Time spent on investigating a bug that was not a bug after all
Hello, I am a scrum master and I have a question regarding adding bugs that turn out to be not bugs after all.
I have a case where a QA reported a bug and the developer spent time investigating the issue, it turned out that this was not a bug so, the QA decided to remove the bug (as they found out it was not a bug after all) but the developer spent time checking it.
How can we log the time spent by the developer? is removing the bug the right thing to do? or shall we keep it and keep the investigation task?
How can we log the time spent by the developer? is removing the bug the right thing to do? or shall we keep it and keep the investigation task?
What are you actually trying to achieve? My advice would be to focus on improving the team's understanding of what Done means.
Why do you need to log anything? Scrum isn't a time tracking tool.
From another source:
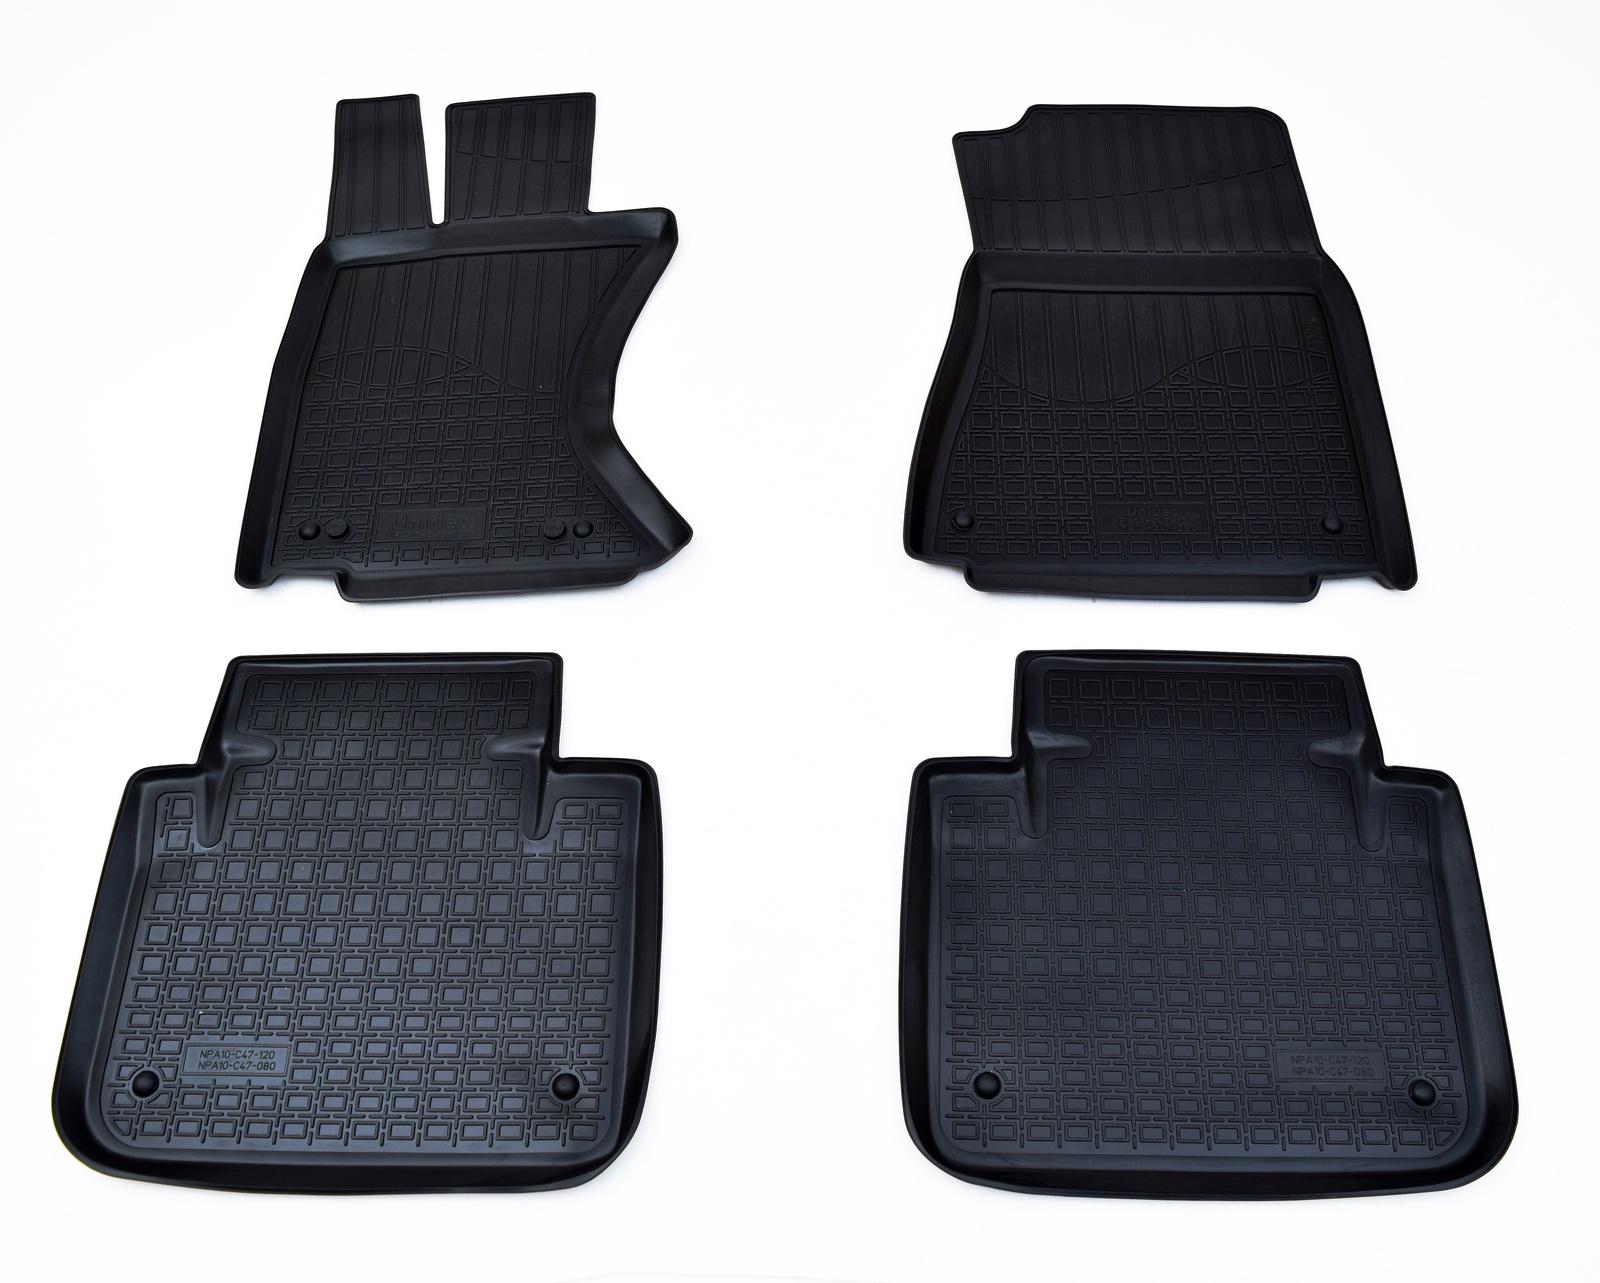 Коврики в салон автомобиля Norplast для Lexus GS AWD (L10A) (2012), NPA10-C47-120, черный цена

It is a tool to aid a team to understand and solve complex needs for a product. If your company requires time tracking then the people responsible for that requirement are the only ones that can answer this question.
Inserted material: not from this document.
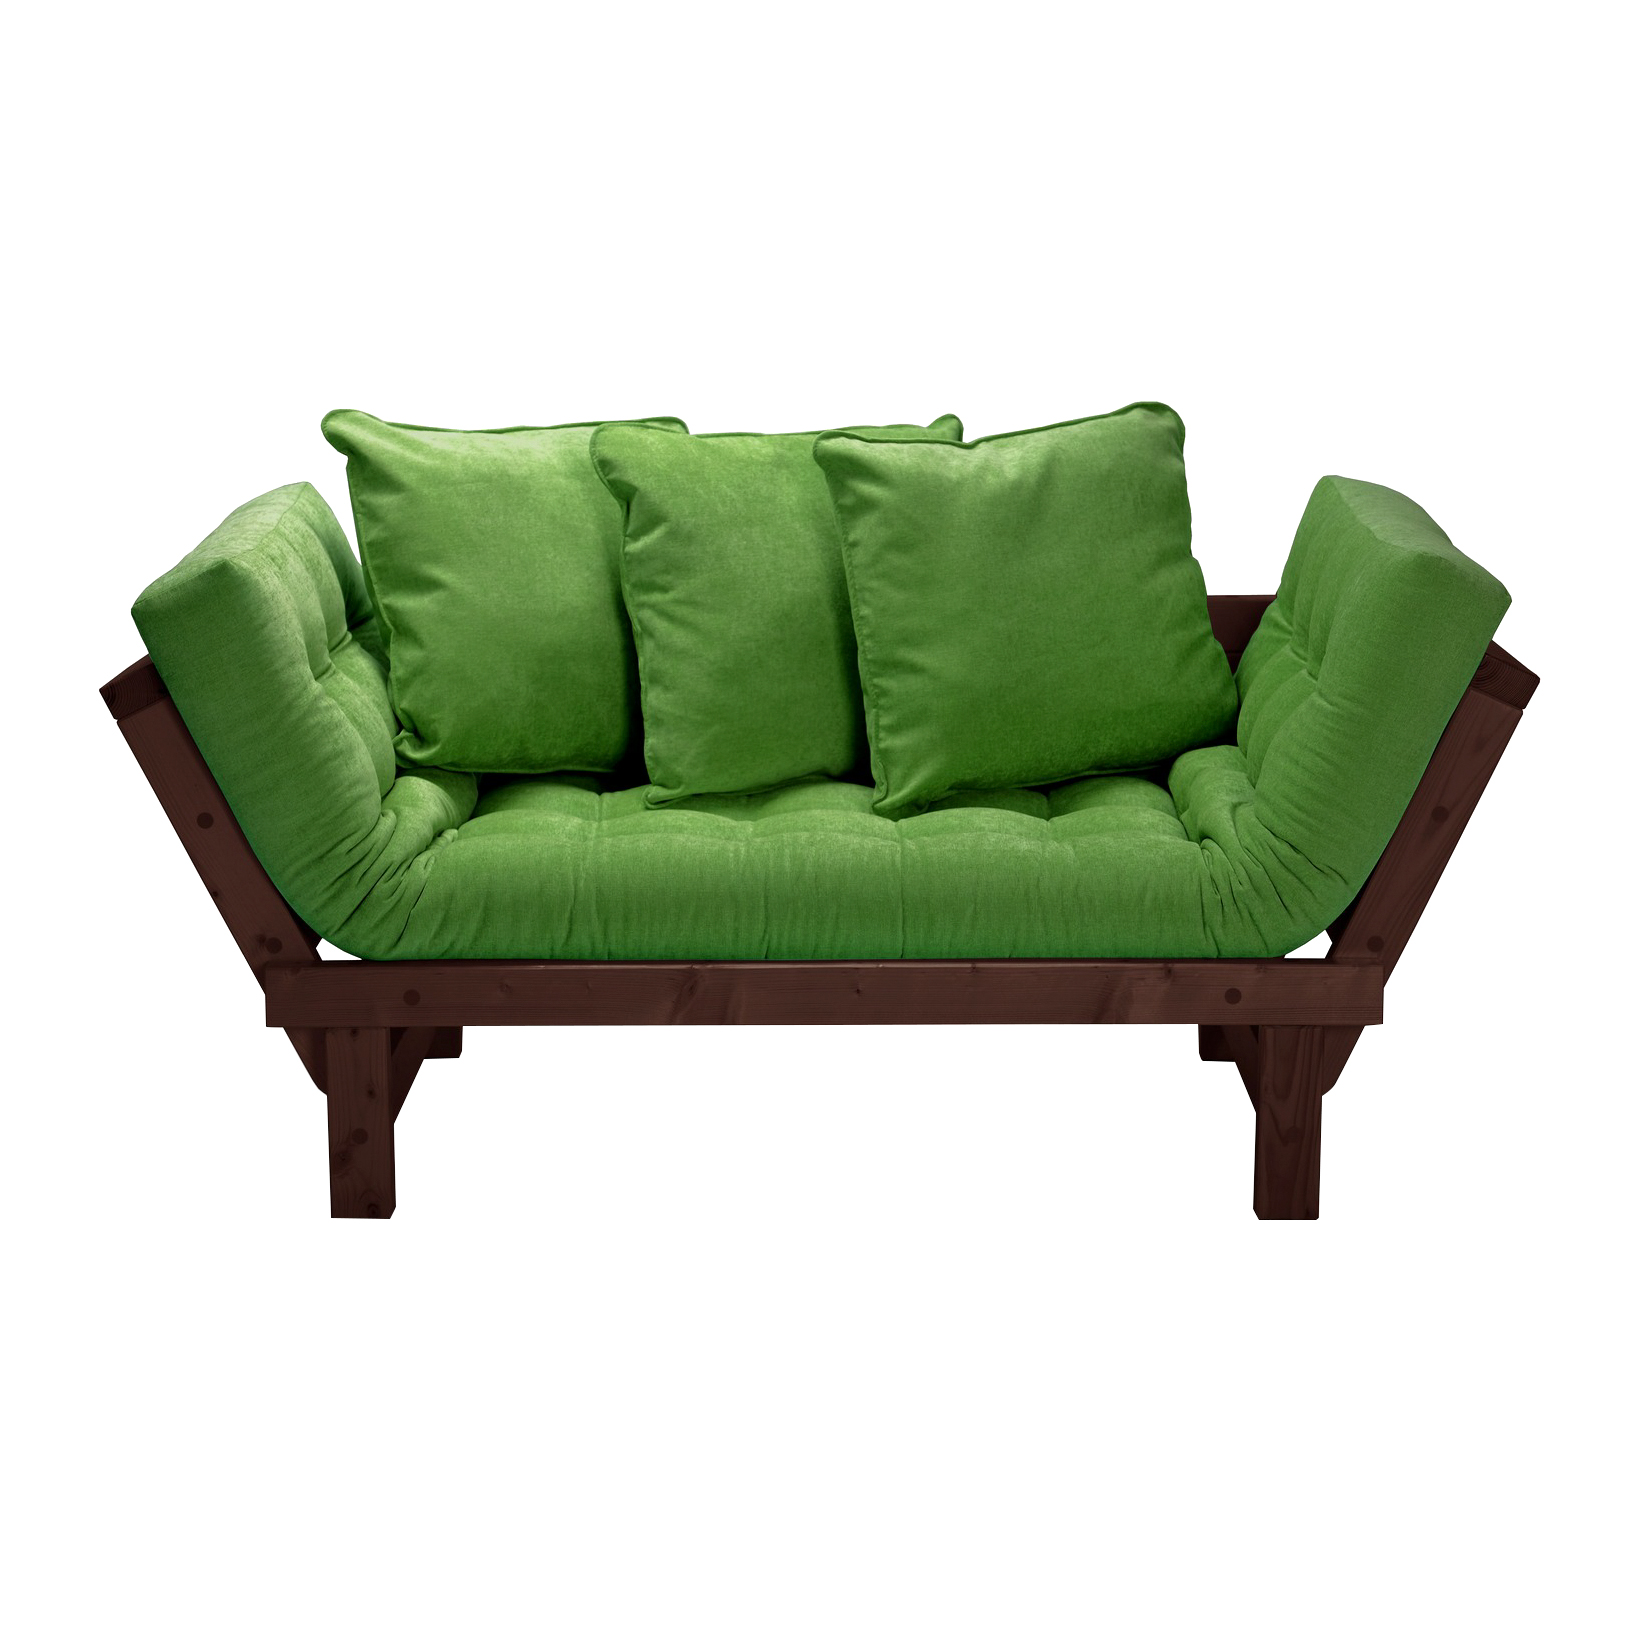 Кушетка AS Санди 158x77x61 венге/зеленый кушетки

But if I were forced into this situation I'd consider this. Did the QA and Developer spend time that leads to better understanding of the product? Sounds like refinement to me.
Hello Bayan,
There are three options:
1) The 'bug' is found during the development before the DoD had been reached:
- The time of investigation is considered part of the complete development track of the user story
2) The 'bug' is found after the development had been closed, but within the same Sprint:
- User story has been re-opened and the time of investigation is considered part of the complete development track
3) The 'bug' is found in an increment of a previous Sprint:
- The 'bug' is opened in the Sprint as a new bug, time of investigation is added and bug should be closed as 'fixed'
- Add in the bug description that it wasn't a 'bug'.
Just see that this becomes a learning experience between the developer and the tester AND not becomes a point of irritation overtime. We're all only people and people make mistakes.